Stock Price: $53.75
Market Cap: 50BB
Net Debt: $6.2BB
EPS 2011 est: $5.30
Today I am buying a half position in Teva Pharmaceuticals, ticker TEVA. I paid around $53.75 per share, and believe that I would make it a full position at around $50 per share.
I finished work on this awhile ago, and have merely watched it, waiting for a pullback. Technically its a terrible stock, it hasn't done much in the past year, down 15% off its highs. And since September its only up 10% against the market up 20%. I think this is unwarranted, and recommend buying some.
As you can guess, Teva is a drug company. Specifically, their primary business is manufacturing and marketing generic drugs. Key is that 70% of their revenue is from selling generic drugs, and 30% is from selling branded drugs that they have developed. I think what is interesting about this stock is 1) its a little beaten up, with quite a bit of concern over its primary branded drug, Copaxone, and 2) the generic industry is growing rapidly over the next five years, as branded drug patents expire.
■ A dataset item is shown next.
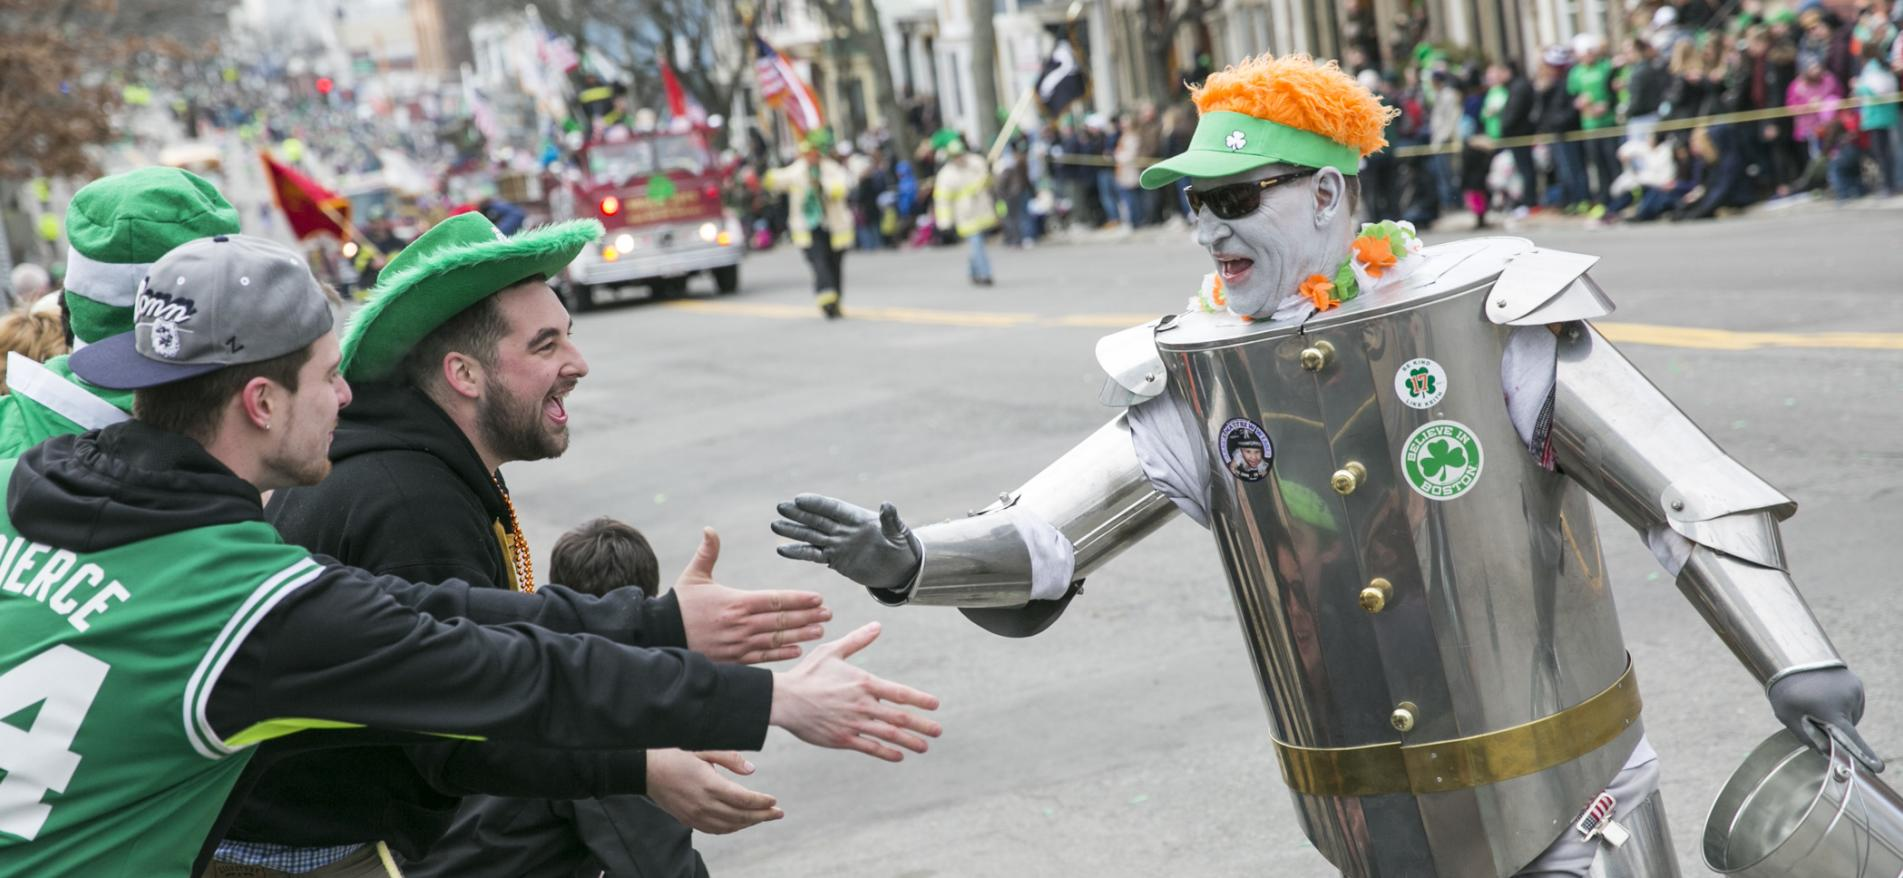 St Patrick S Day 2019 In Boston Events The Dropkick Murphys

First a look at the macro environment.
The so-called patent cliff is horrible for the branded companies. But their loss is the generic company's gains. Teva should benefit tremendously. The top 20 drug companies in the world sell about $500BB of drugs per year, and I saw one estimate that the total industry is $800BB in annual sales. The patent cliff, or amount of branded drugs losing their patents in the next 4 years, is estimated to be $150BB. That is a huge percentage of the industry, almost 20% of total revenue. Given this, its hard to like the branded guys, they are desperately trying to grow revenue via acquisitions, and also cutting back on R&D costs. Pfizer announced decent earnings guidance this week, but only because they are taking an axe to their R&D costs, cutting them from $9BB last year to $7BB in 2011. Pfizer's Lipitor and Plavix are just two blockbuster drugs losing their patents THIS YEAR.
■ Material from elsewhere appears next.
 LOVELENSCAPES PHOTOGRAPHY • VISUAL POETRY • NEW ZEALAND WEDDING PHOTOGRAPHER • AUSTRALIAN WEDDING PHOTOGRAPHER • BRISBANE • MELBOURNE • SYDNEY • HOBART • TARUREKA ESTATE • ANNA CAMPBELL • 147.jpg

That means there is a huge market for the generic companies to pick up off-patent drugs and grow revenue. Generally speaking, generic drugs sell at a 50% discount to the price of the branded drugs. The formulations are the same, and key to getting into the generics market is by being the first to file an ANDA application (the "Abbreviated New Drug Application") with the FDA. Basically, if you are first, then you get a 180 day exclusivity window on selling your generic to the US market. This first mover advantage is clearly important, and the best generic companies win this race.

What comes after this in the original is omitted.